Микроскопическая картина опухоли характеризуется наличием тяжей и ячеек атипичного плоского эпителия, инфильтративно врастающего в подлежащую строму. В строме вокруг опухолевых скоплений много лимфоцитов, плазмоцитов, макрофагов и фибробластов. Клетки опухоли полиморфны, ядра их гиперхромны. В центре опухолевых ячеек отмечаются слоистые скопления кератогиалина. Кератогиалин вырабатывается опухолевыми клетками. Скопления кератогиалина называются роговыми жемчужинами.

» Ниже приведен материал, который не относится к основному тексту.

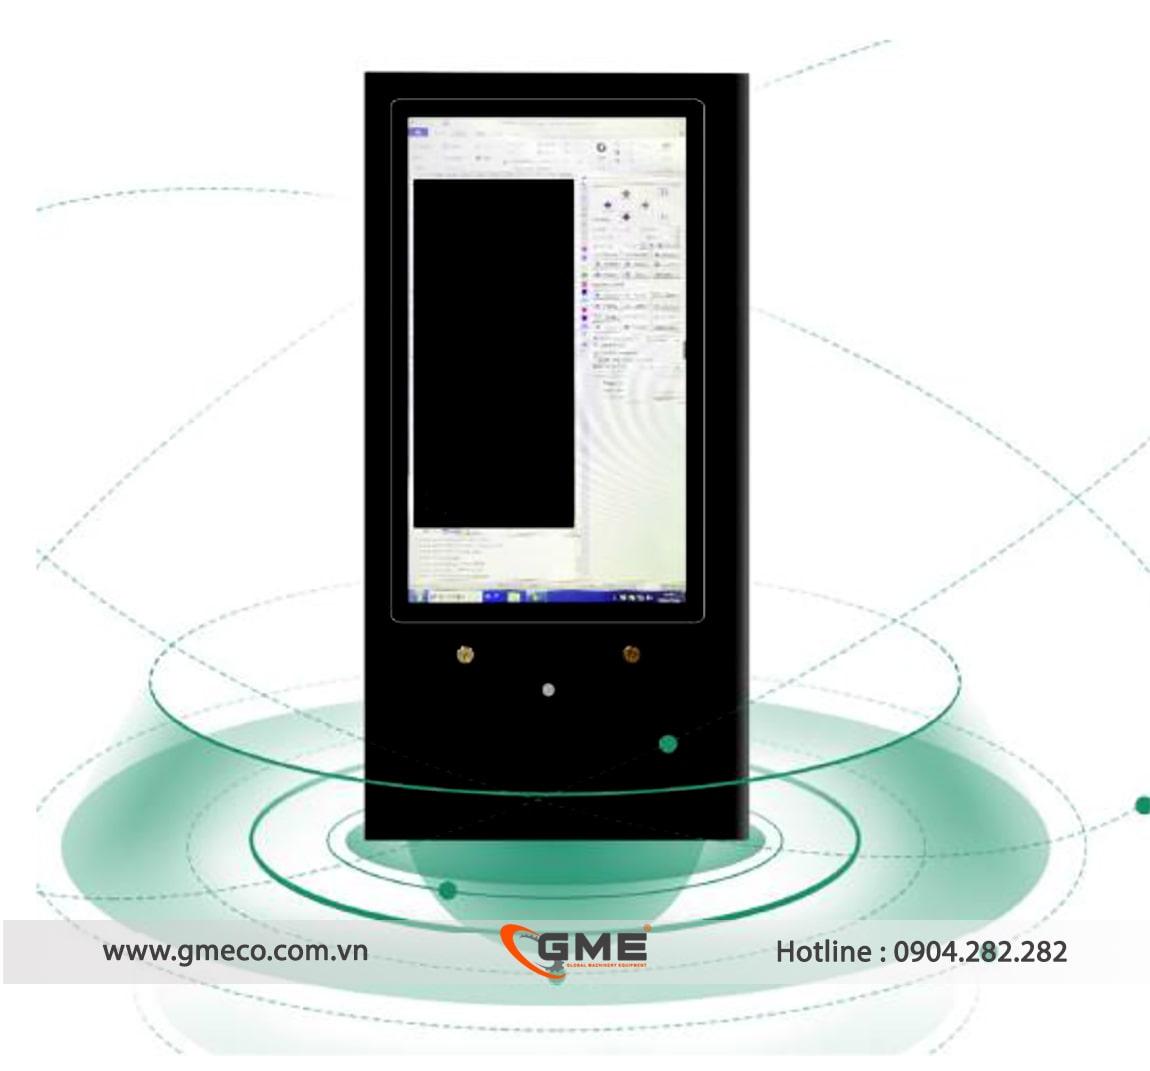 Màn hình điều khiển thông minh kiểu cảm ứng 32 inch min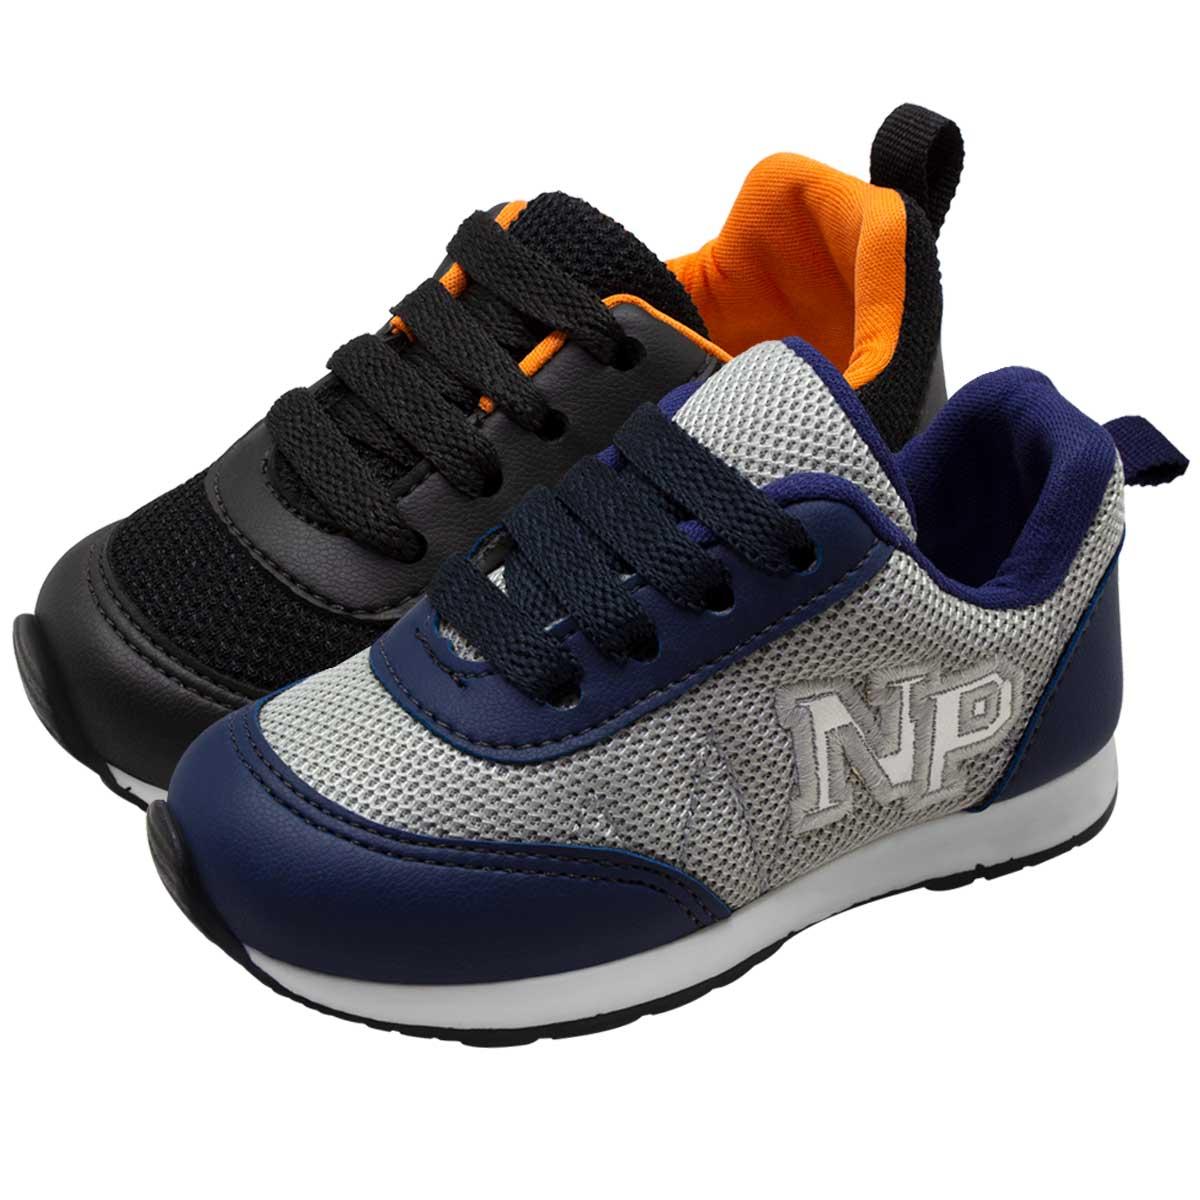 Kit 02 Pares de tênis  jogging  c/biqueira

Различают высокодифференцированный плоскоклеточный ороговевающий рак и низкодифференцированный плоскоклеточный орогововевающий рак в зависимости от гистологической картины и характера поведения опухоли.

2. Неороговевающий плоскоклеточный рак.

Локализация такая же, как и у плоскоклеточного ороговевающего рака.

Этот рак отличается большей злокачественностью. Что проявляется в резкой степени полиморфизма, атипии, митотической активности и быстром инфильтративном росте в подлежащие ткани, а также склонностью к метастазированию. В очень злокачественном варианте гистологически этот рак трудно отличить от злокачественной опухоли из мезенхимы\ саркомы\. Строма опухоли часто имеет вид грануляционной ткани с мощной инфильтрацией лимфоцитами, нейтрофилами,гистиоцитами и другими клетками.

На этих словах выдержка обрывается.